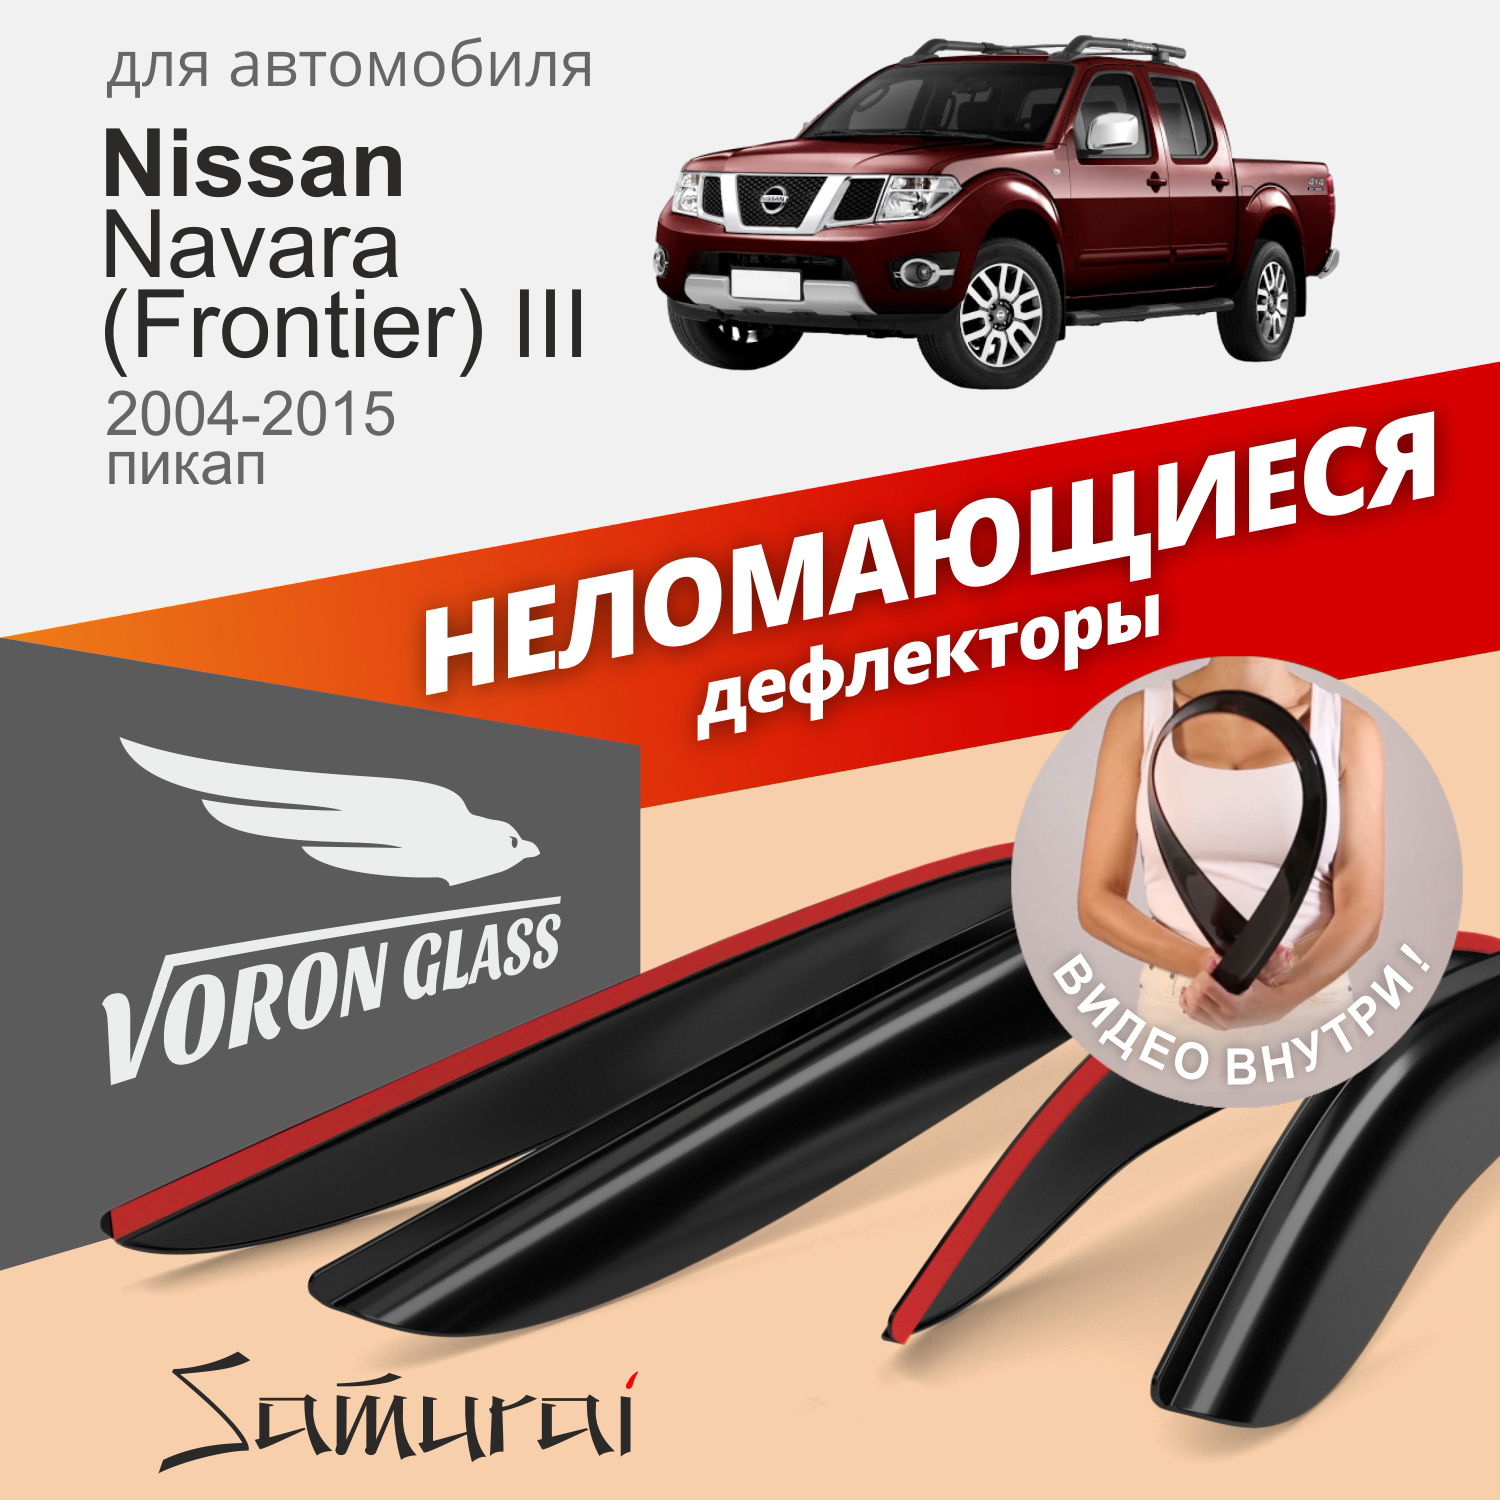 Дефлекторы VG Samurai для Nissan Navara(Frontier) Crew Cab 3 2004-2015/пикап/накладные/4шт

◇ ◇ ◇ ◇ ◇

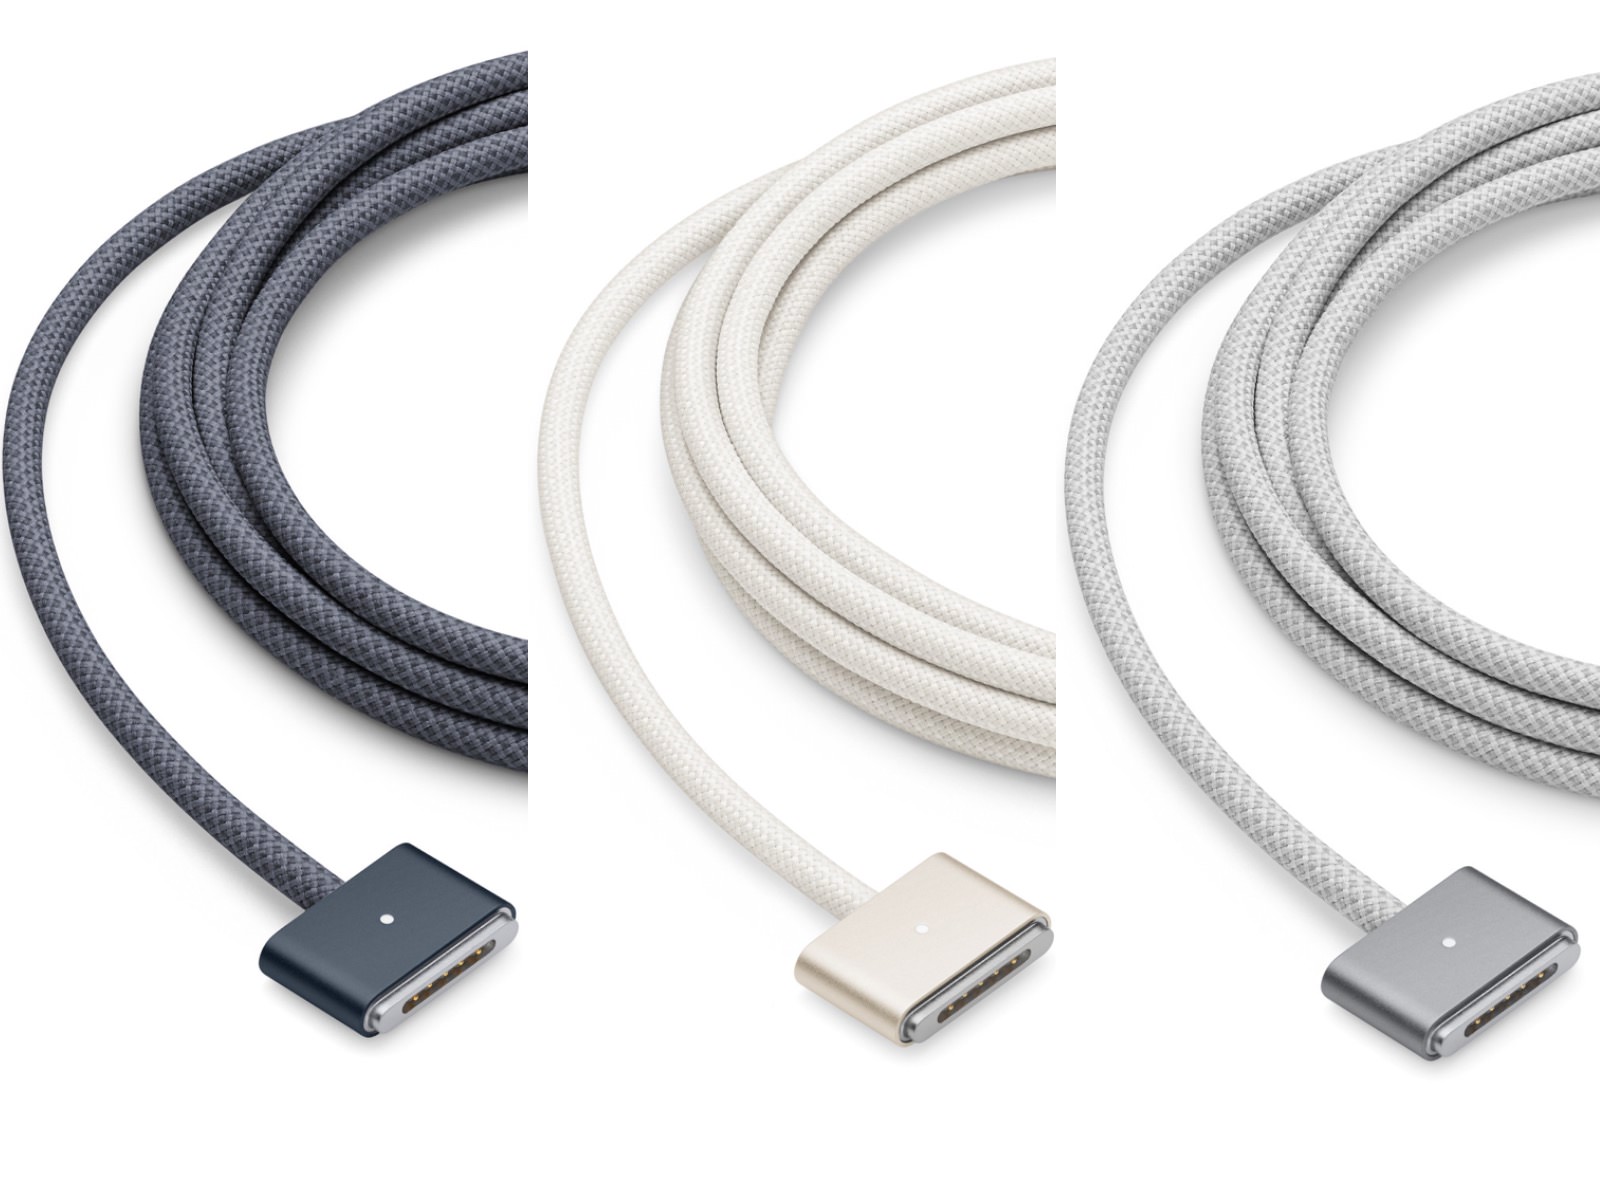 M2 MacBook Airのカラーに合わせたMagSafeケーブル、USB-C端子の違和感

◇ ◇ ◇ ◇ ◇

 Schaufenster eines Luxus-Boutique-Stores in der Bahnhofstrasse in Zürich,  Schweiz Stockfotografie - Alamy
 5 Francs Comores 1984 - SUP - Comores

◇ ◇ ◇ ◇ ◇

> _Exercise directions_:
Working from the material above, restate word for word the lines between the line with "Schaufenster eines Luxus-Boutique-Stores" and the line with "5 Francs Comores 1984 - SUP - Comores", both included, and only those.

> _Task response_:
 Schaufenster eines Luxus-Boutique-Stores in der Bahnhofstrasse in Zürich,  Schweiz Stockfotografie - Alamy
 5 Francs Comores 1984 - SUP - Comores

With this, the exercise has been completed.